Tanzania will achieve its economic growth forecast of 5 percent in 2009 thanks to tourism receipts and a rise in the value of its agricultural exports, central bank governor Benno Ndulu said on Monday. Tanzania, the second largest economy in the five-nation East African Community, is forecasting a slowdown in growth this year from 2008's 7.4 percent due to the impact of the global slump.
"We are on course (to reach 5 percent). We looked at what's happening in tourism, we looked at what happened on the side of agricultural exports, and it was good," Ndulu told Reuters. Hotels and lodges on the country's main tourism circuits had posted good occupancy rates in July, August and early September - a crucial time for the market - despite the global slowdown.
Ndulu said a bumper cotton crop had also helped offset the commodity's weaker price on the international market.

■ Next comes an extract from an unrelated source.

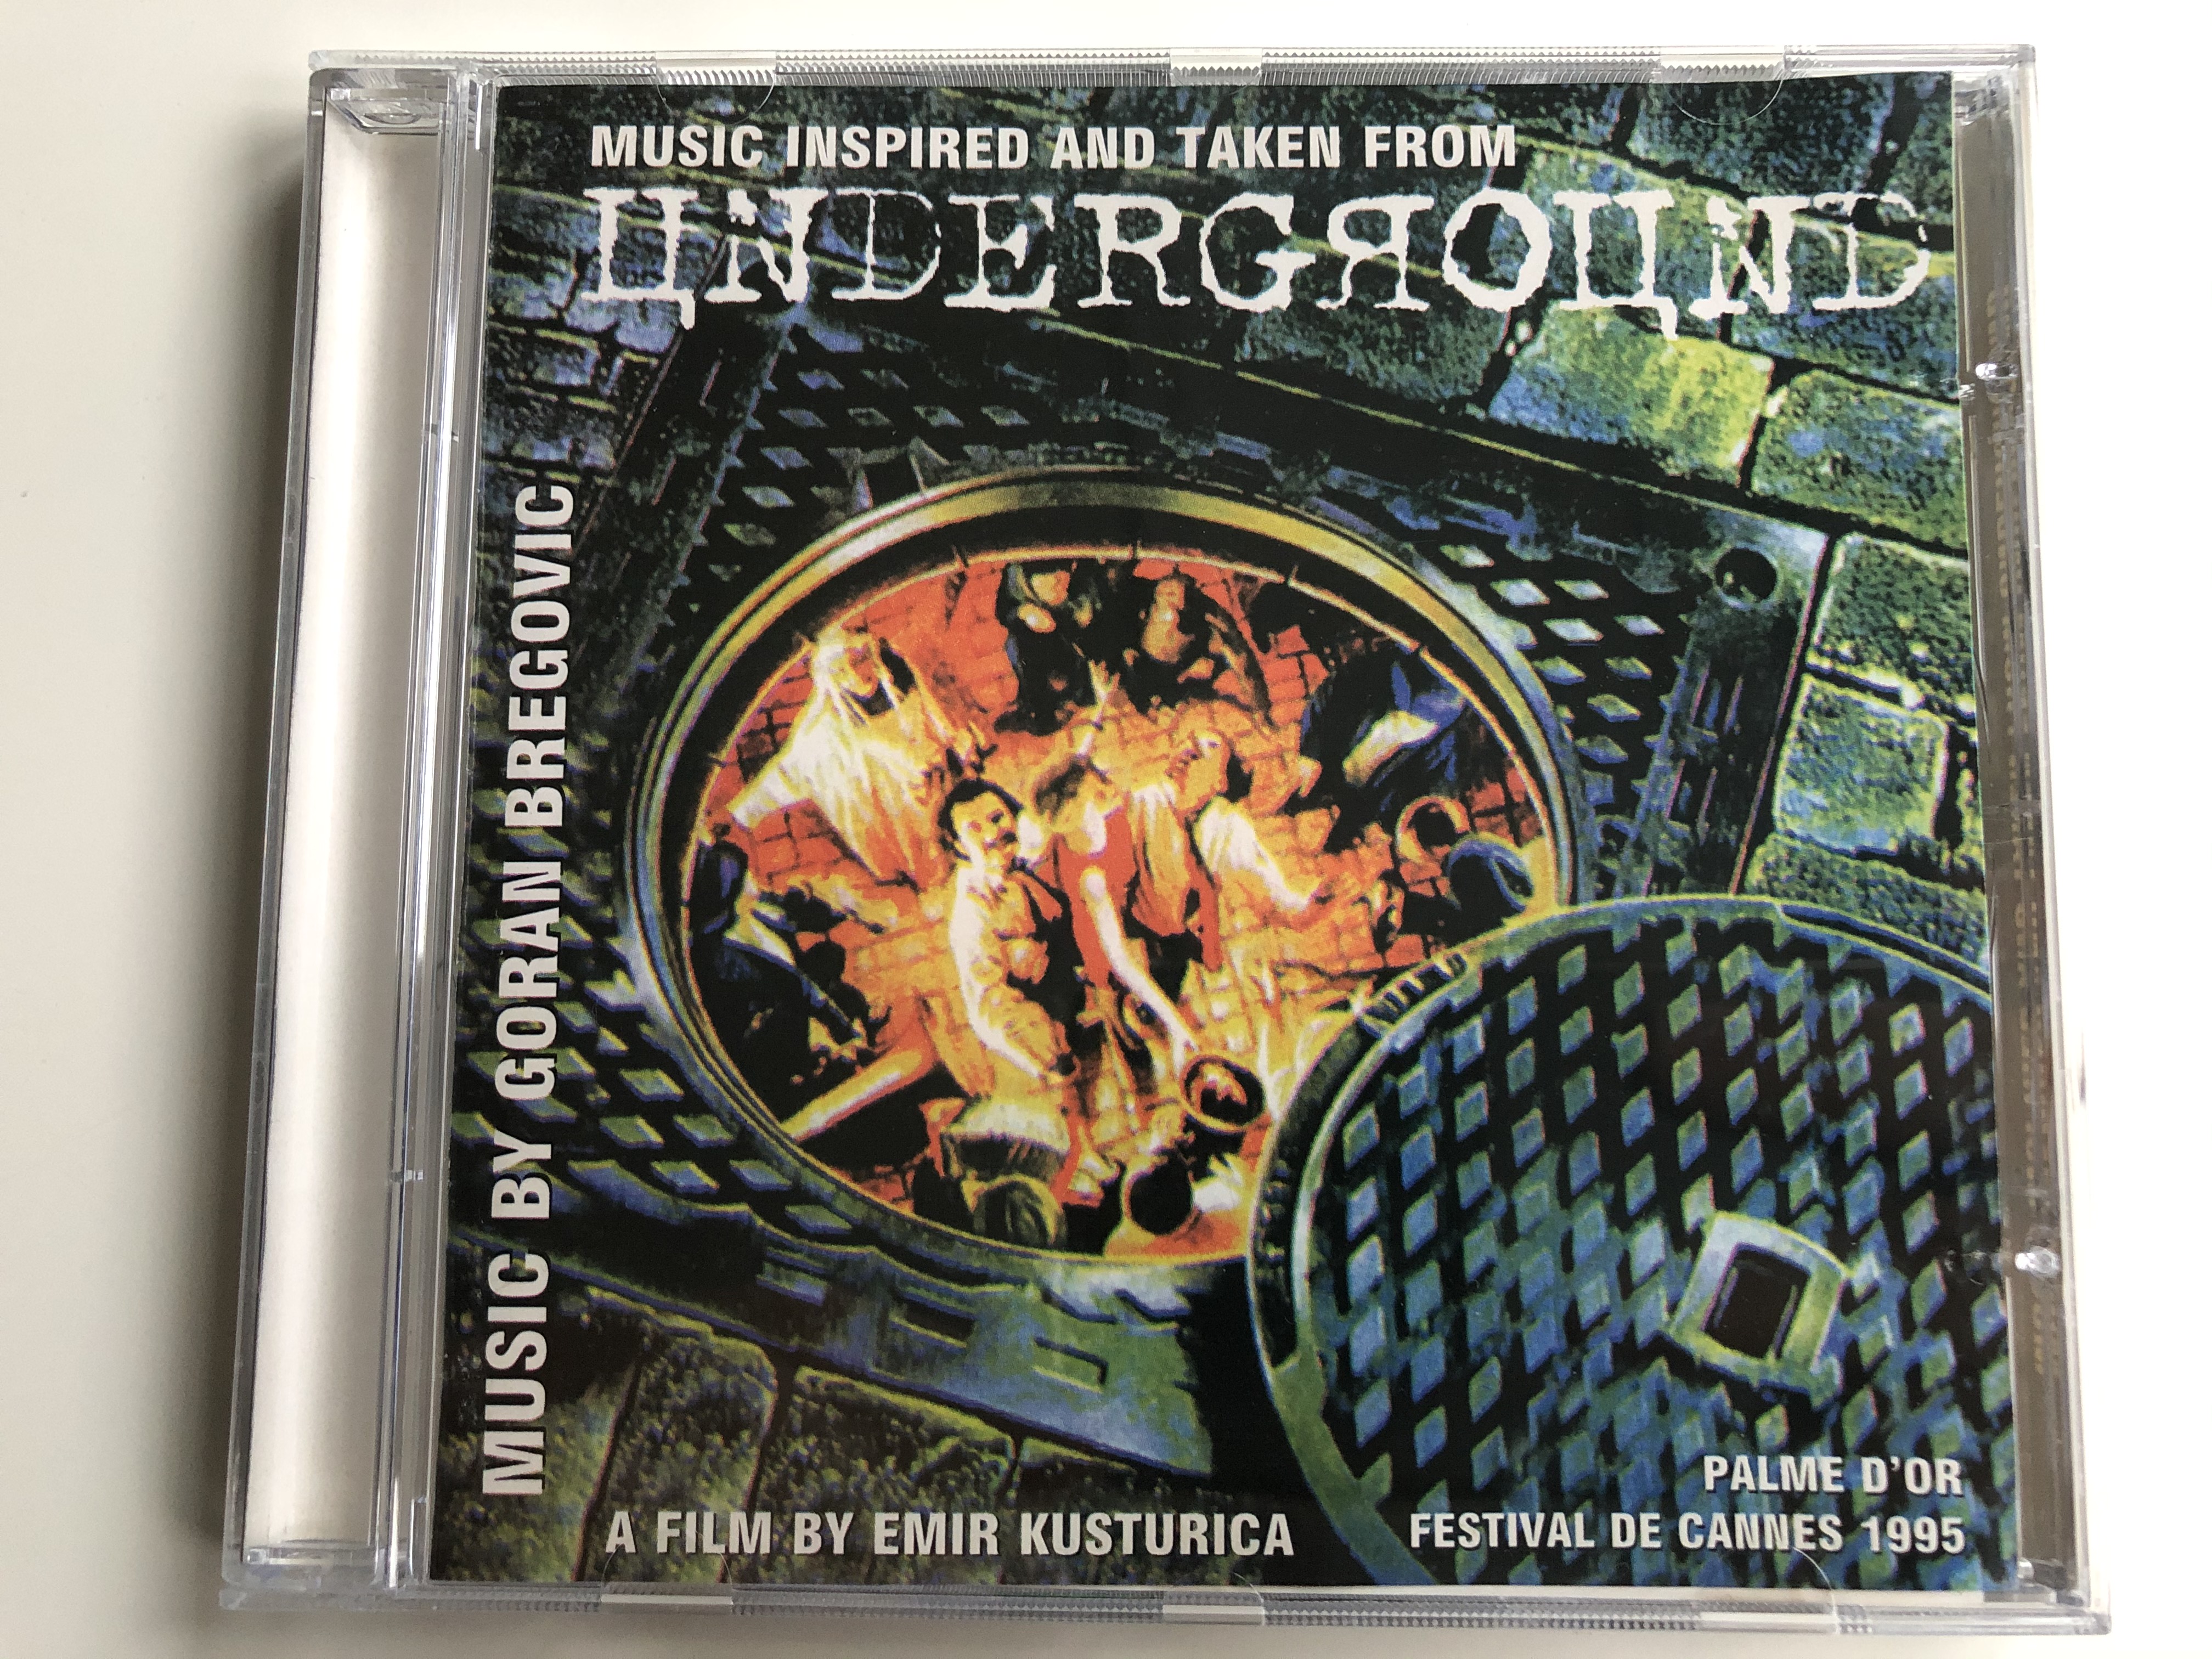 music-inspired-and-taken-from-underground-music-by-goran-bregovic-a-film-by-emir-kusturica-palme-d-or-festival-de-cannes-1995-mercury-audio-cd-1995-528-910-2-1-.jpg

Along with cotton, Tanzania's main agricultural exports are tea, coffee, tobacco, sisal and cashew nuts. "Traditional exports this year have reached close to $490 million, July to July, which is significantly higher than it has been in the last three or four years," Ndulu said.
Those exports earned the country $281.9 million over the same period a year earlier, according to central bank figures. Ndulu said tourism, gold exports, manufacturing and charges levied trade goods passing through its port at Dar es Salaam had been the other important earners for the Tanzanian economy.
He said inflation, at 10.9 percent in July, was high. But a review of the composition of the basket used to measure inflation would help tame the rate, he said, adding that food's weighting would be cut to about 42 or 43 percent from 55.7 percent.
"I can't be happy with the inflation not being in the low single digits. With revision, that will be in single digits. We hope that from October or November, the new numbers will start being operative," he said. Mining, which saw a slide in new investments due to the global financial slowdown, was starting to stir again as the crisis was bottoming out, Ndulu said.
"As the prices of these key mineral commodities start to strengthen again, we will see those (investors come) back," he said, adding that interest rates were also stabilising. The interbank overnight rate was about 1 percent average while the weighted average treasury bills of all maturities bill stood at 4.7 percent.
"They (T-bill yields) are probably going to stay within the range of anything between 4.7 and 5 or 6 (percent) for quite a while," Ndulu said, adding that targeted measures in the money markets had helped liquidity. "We took an easy position on liquidity which has meant that banks have more liquidity now than they would have if they are competing effectively for these instruments."
Tanzania is reviewing its rules to allow some foreign investment in treasury bills, which are not open to outsiders. "The basic philosophy is do this gradually and make sure you don't open up your small market to high volatility from some of these instruments, particularly hedge-funds that move in and out," he said. "That's really the part that we worry about."